Will all this innovation ever abate and give us a rest?
“When you look across the various media that we’ve had throughout our history, in general, the navigation tools have settled down over time,” said Weinberger. TV guide turned TV shows into a grid that served well for several generations. In libraries card catalogs worked well for centuries. Newspapers settled into a stable format that everyone could understand. “We know how to parse newspapers.” (Compounding my feeling like a cat chasing his tail, I just noticed that Weinberger has already posted thoughts on our conversation last night.)
“So, here’s the question, will that happen on the Internet? Will there be a stable set of tools that last for a couple of generations that we all use and all work well enough? Or is navigating searching and browsing going to be a field of perpetual revolution? I think it’s the latter.

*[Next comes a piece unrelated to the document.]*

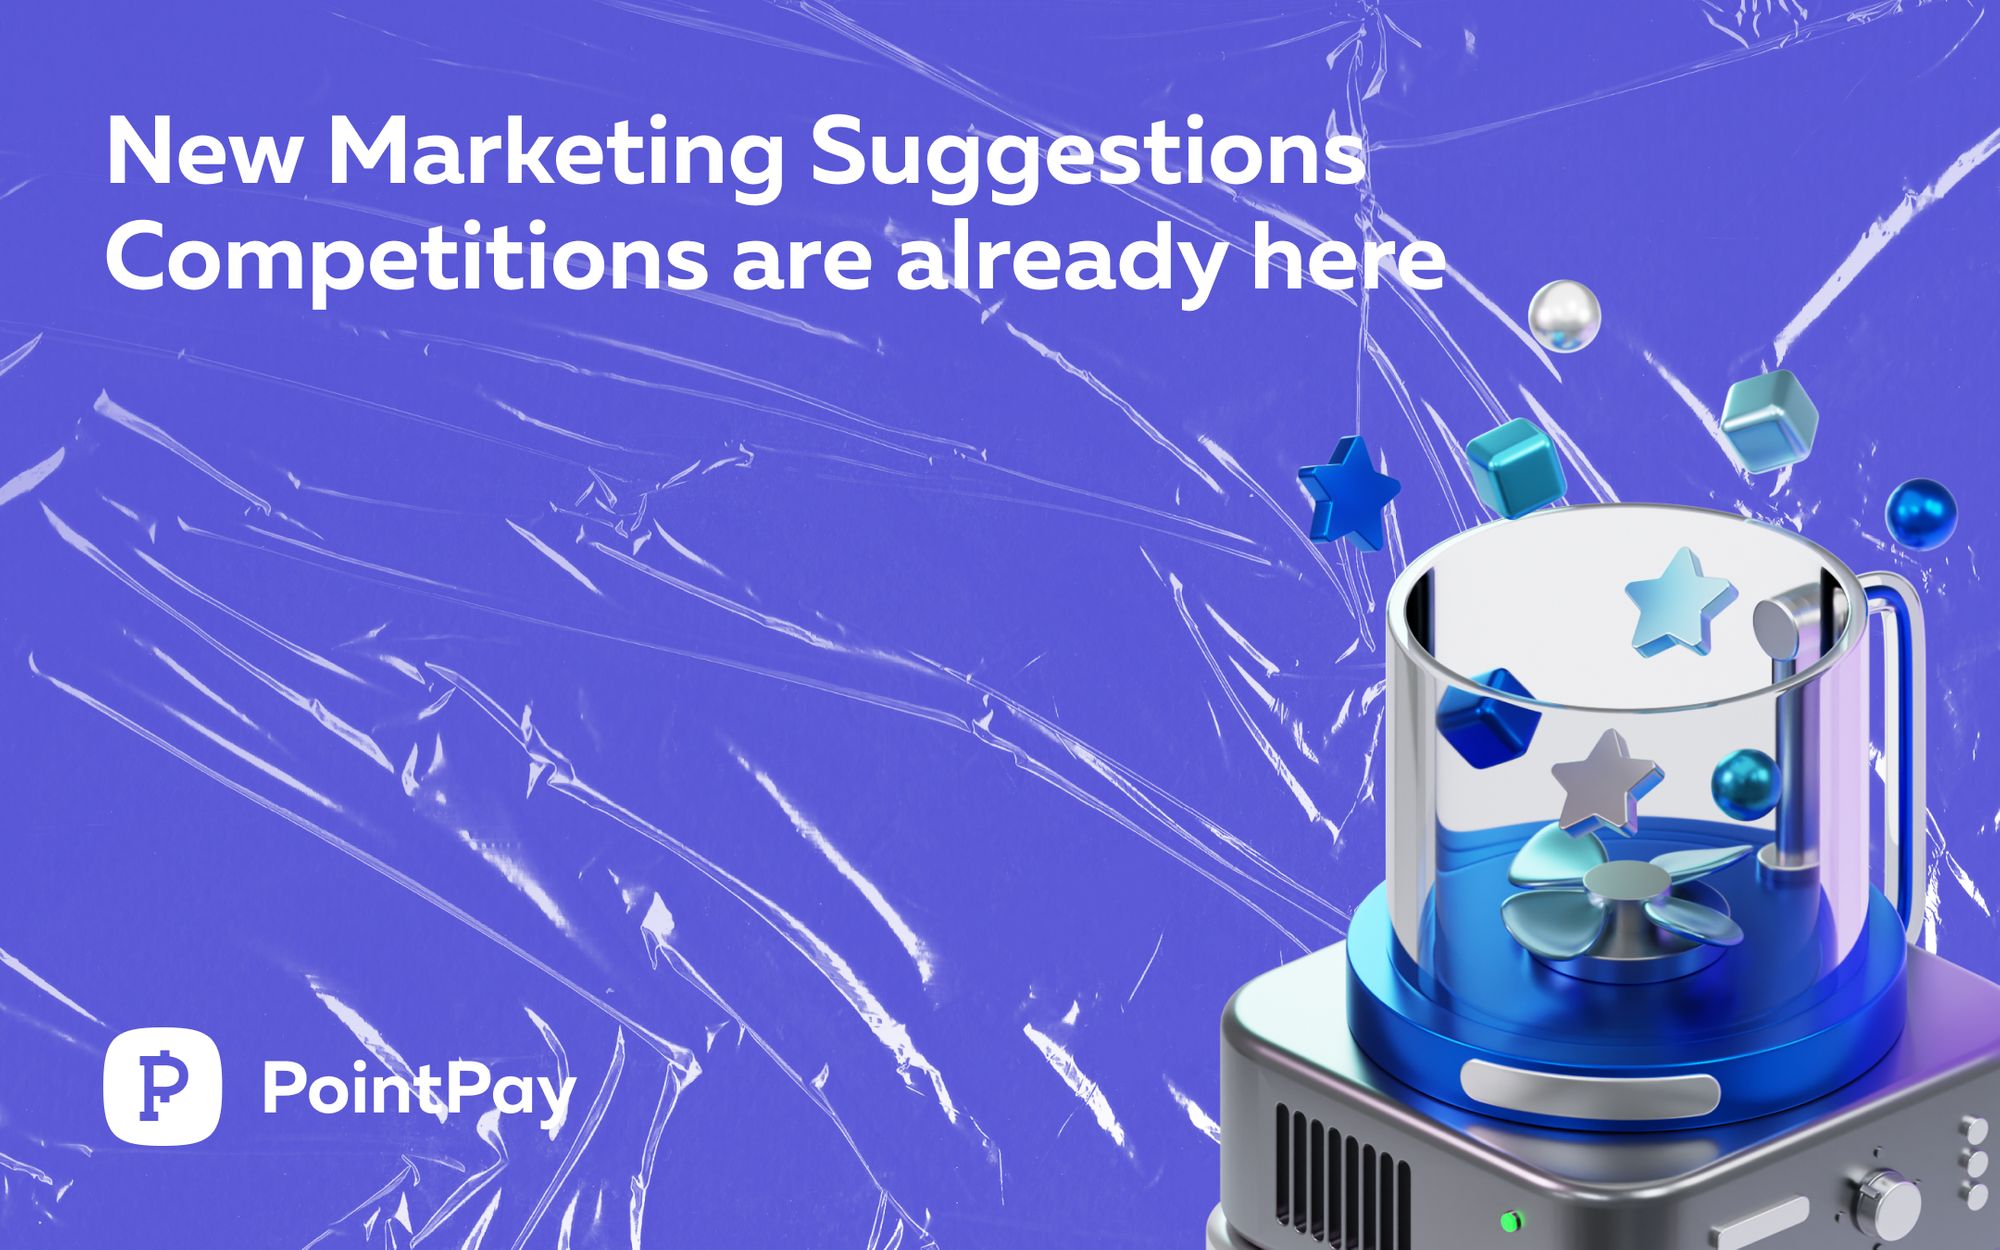 Announcement: PointPay Marketing Suggestions Competition!

But who the hell knows?”
I asked whether it’s possible that we’ll settle into some walled garden that’s imperfect but “good enough” just because we’re tired of dealing with all the change and tool shift and relearning?
Weinberger retorted that we’re not forced to adopt anything — we’re always incented to learn the new system, adopt the new filter, and pick up the new tool. Using the new tool, you get new information not available in the old system. And that makes it worthwhile.
What does this constant change mean at a personal level?
“I think we’ve all given up trying to master any of this,” said Weinberger. “I’m so far behind on the things I should have read, just on the net alone. For example, when someone assumes I’ve seen some web piece, like Malcom Gladwell’s piece about the failure of the web to bring about peace and democracy. A lot of the people I’m hanging out with assume that I’ve read it. I’ve had a busy week and I’m not even embarrassed anymore to say I haven’t read it. There’s soooo much. I’m not embarrassed to say I can’t keep up. The meaning of ‘keeping up’ has changed.”
As an academic, you pretend all the time to have read something your colleagues are talking about. “You nod — Uh-huh. Uh-uh — and hope they don’t ask a question about it.” Now, the pretense is gone and Weinberger tries to just keep up with the few articles that pass through two filters: the calendar and his peers. “There are some tent-pole articles that come along and achieve sufficient mass with-in my social network that I think that it’s of sufficient importance and value and has enough persistence. If, after a few days, people aren’t talking about it, I’m never going to get around to it.”